**DATASET CONTENT:**
*****
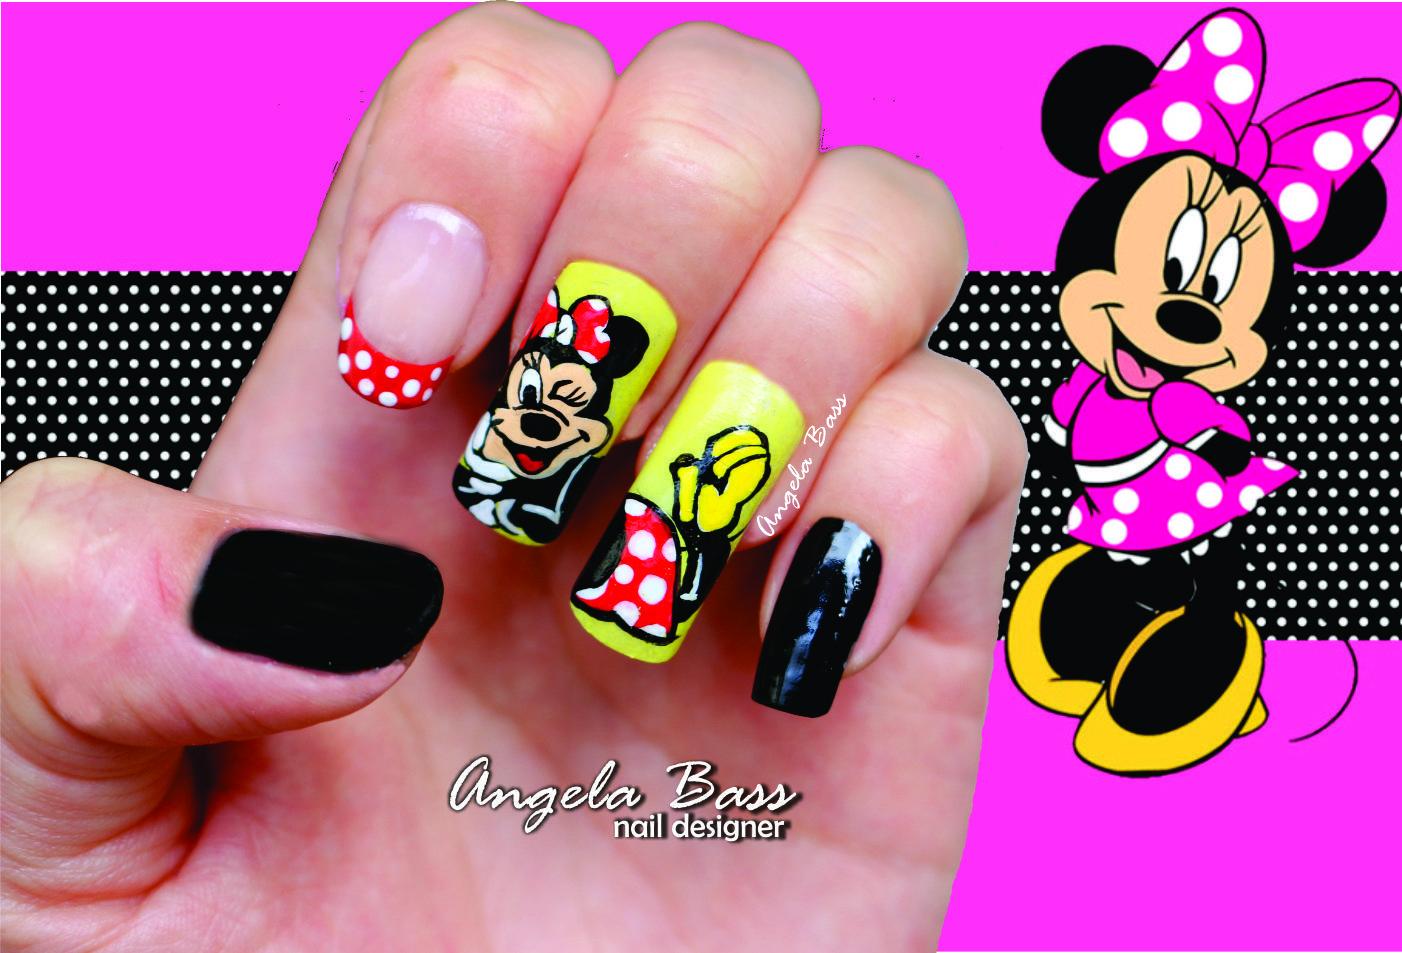 uñas minnie mouse/ minnie mouse nails   Uñas Angela Bass   Pinterest ...
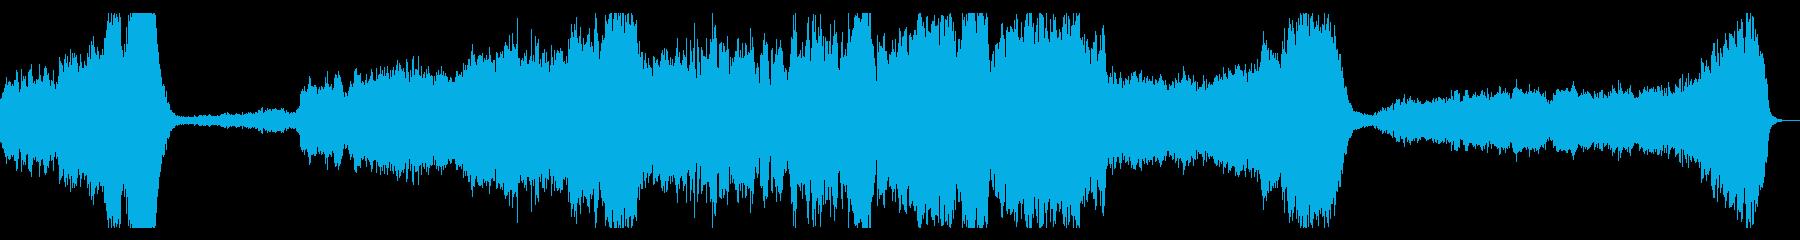 ダークファンタジー系 オーケストラBGMの再生済みの波形
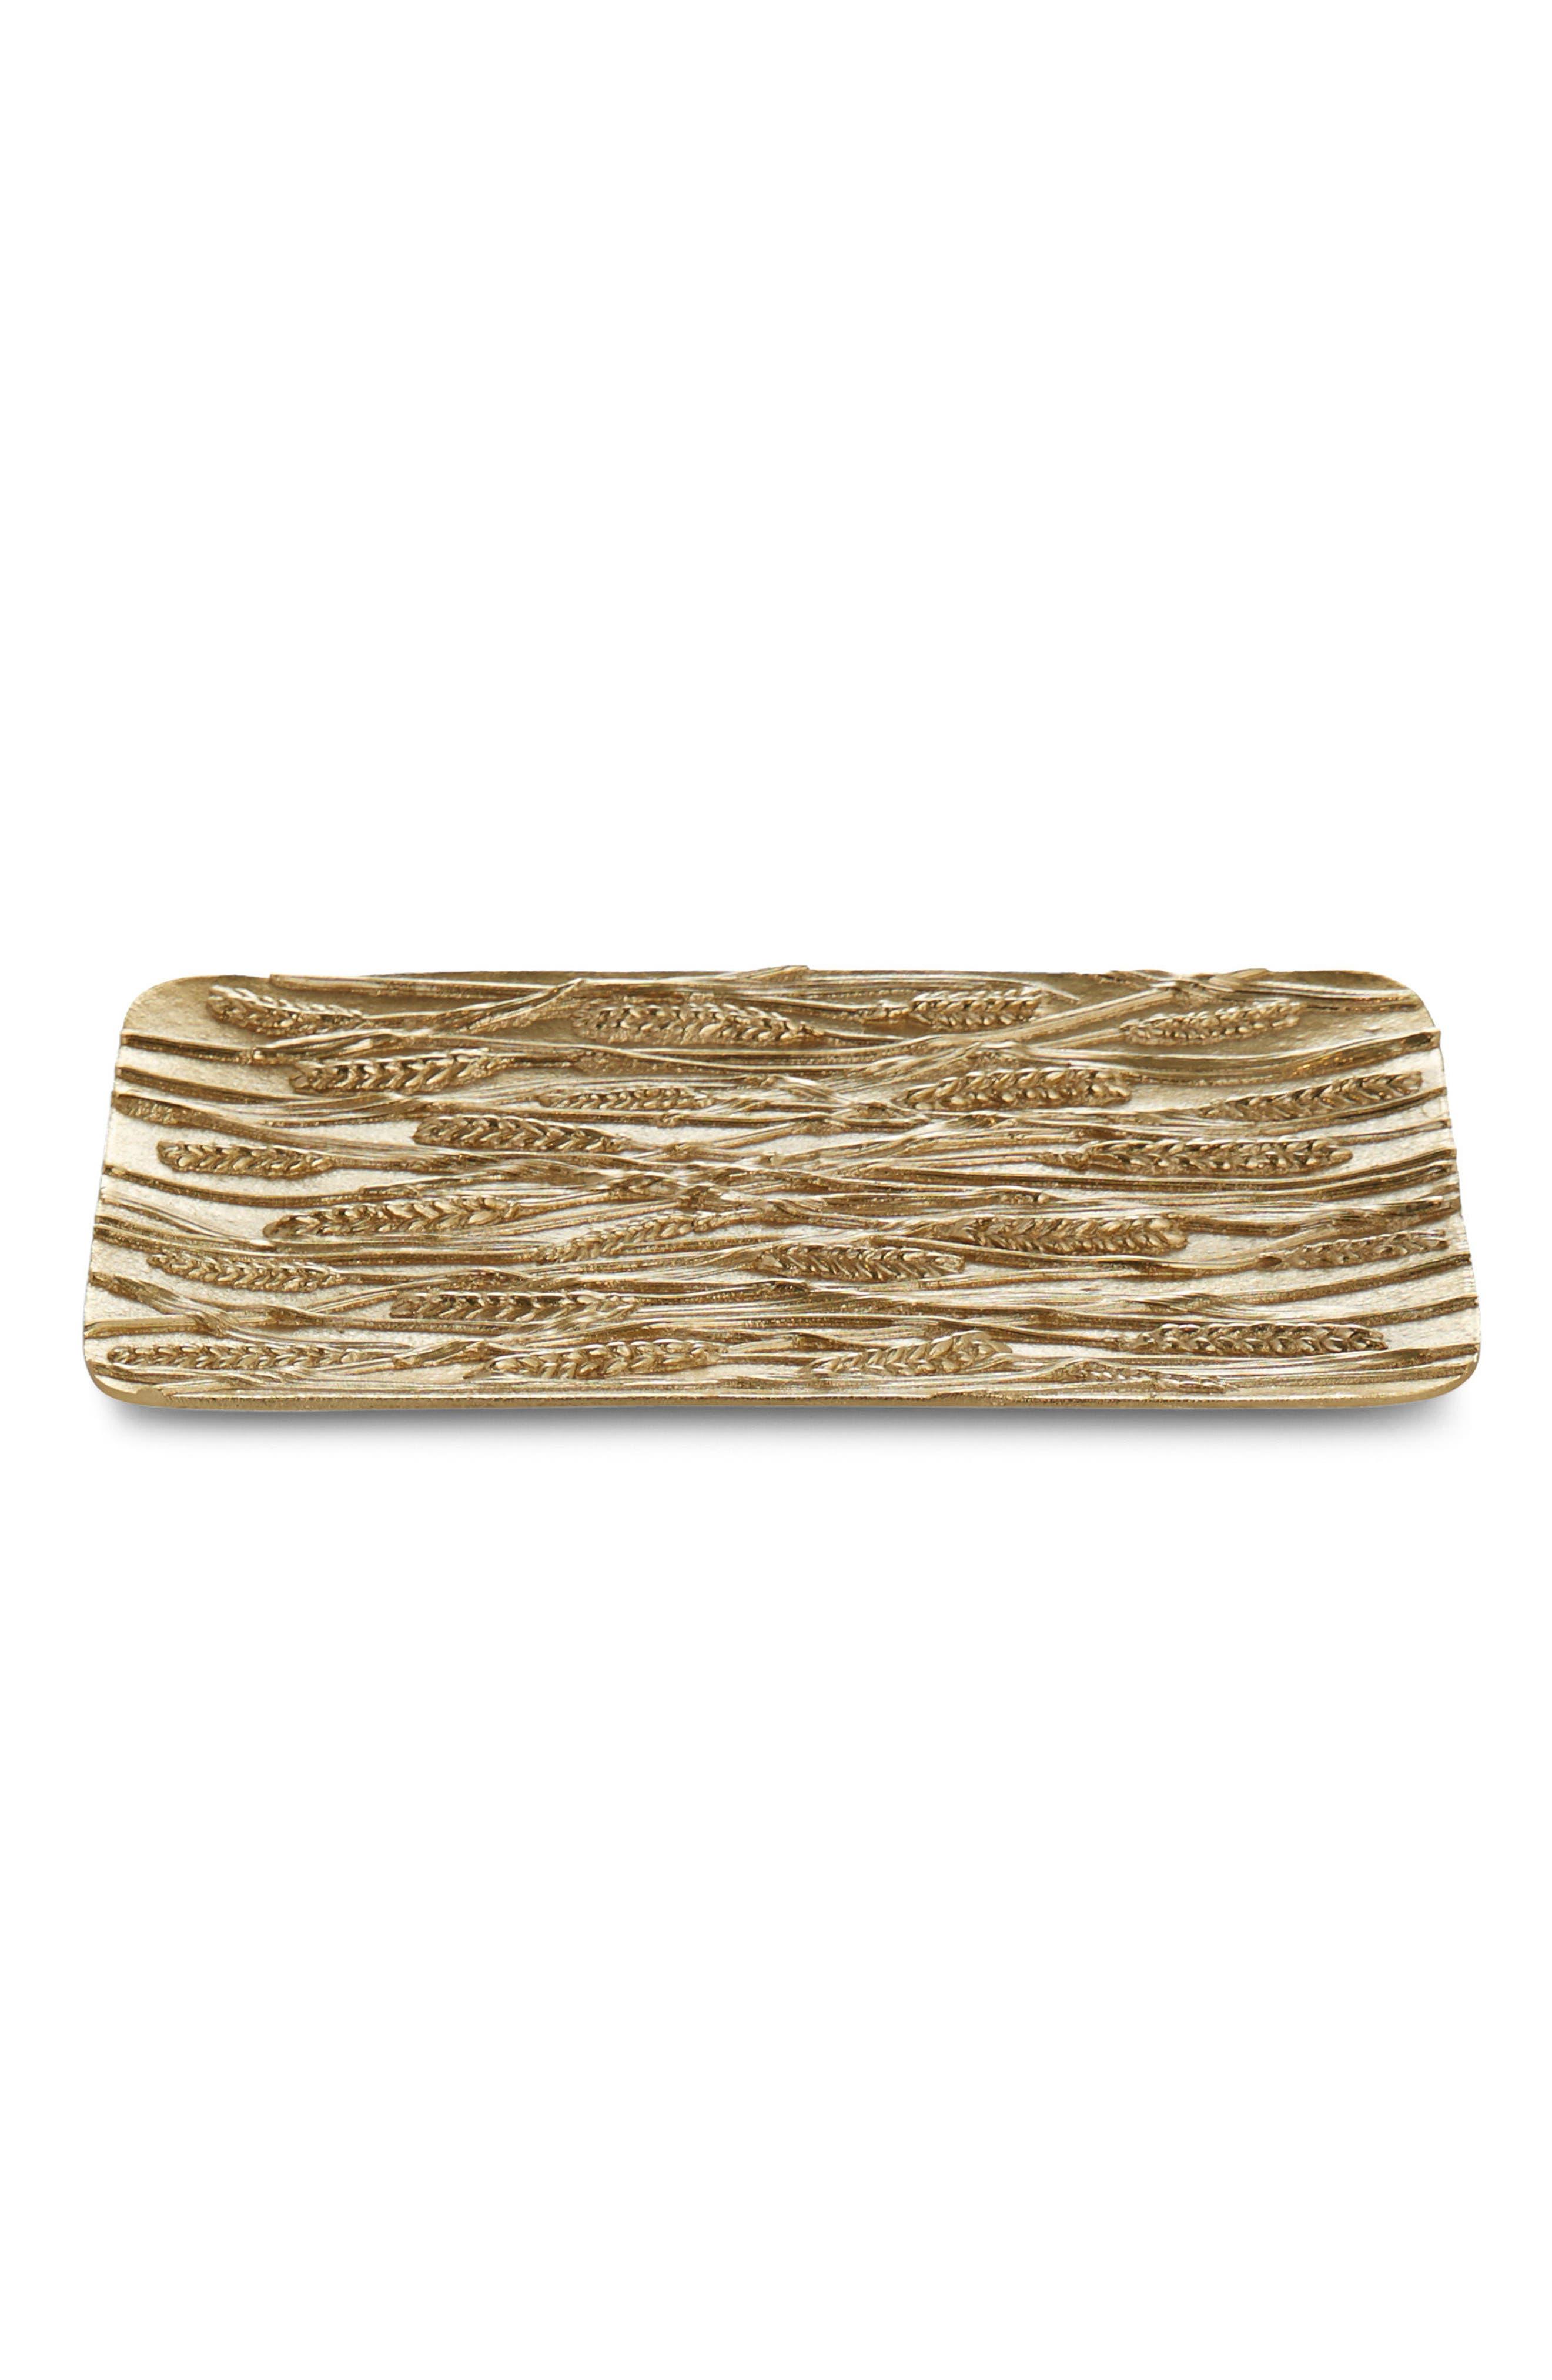 Wheat Bread Plate,                         Main,                         color, 710
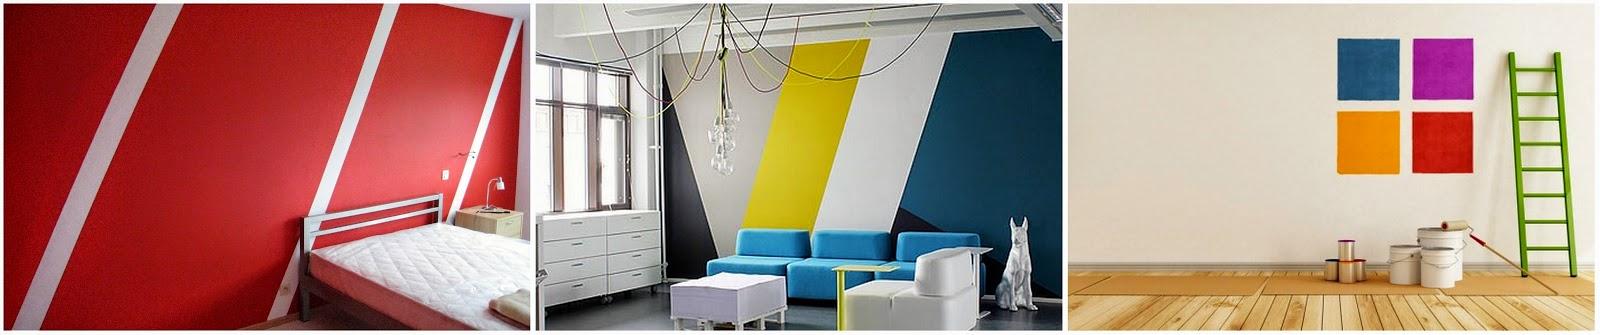 tarif peintre murs paris peintre professionnel cesu. Black Bedroom Furniture Sets. Home Design Ideas
*****
Repeat the listing word for word, omitting the pictures.

 uñas minnie mouse/ minnie mouse nails   Uñas Angela Bass   Pinterest ...
 ダークファンタジー系 オーケストラBGMの再生済みの波形
 Wheat Bread Plate,                         Main,                         color, 710
 tarif peintre murs paris peintre professionnel cesu. Black Bedroom Furniture Sets. Home Design Ideas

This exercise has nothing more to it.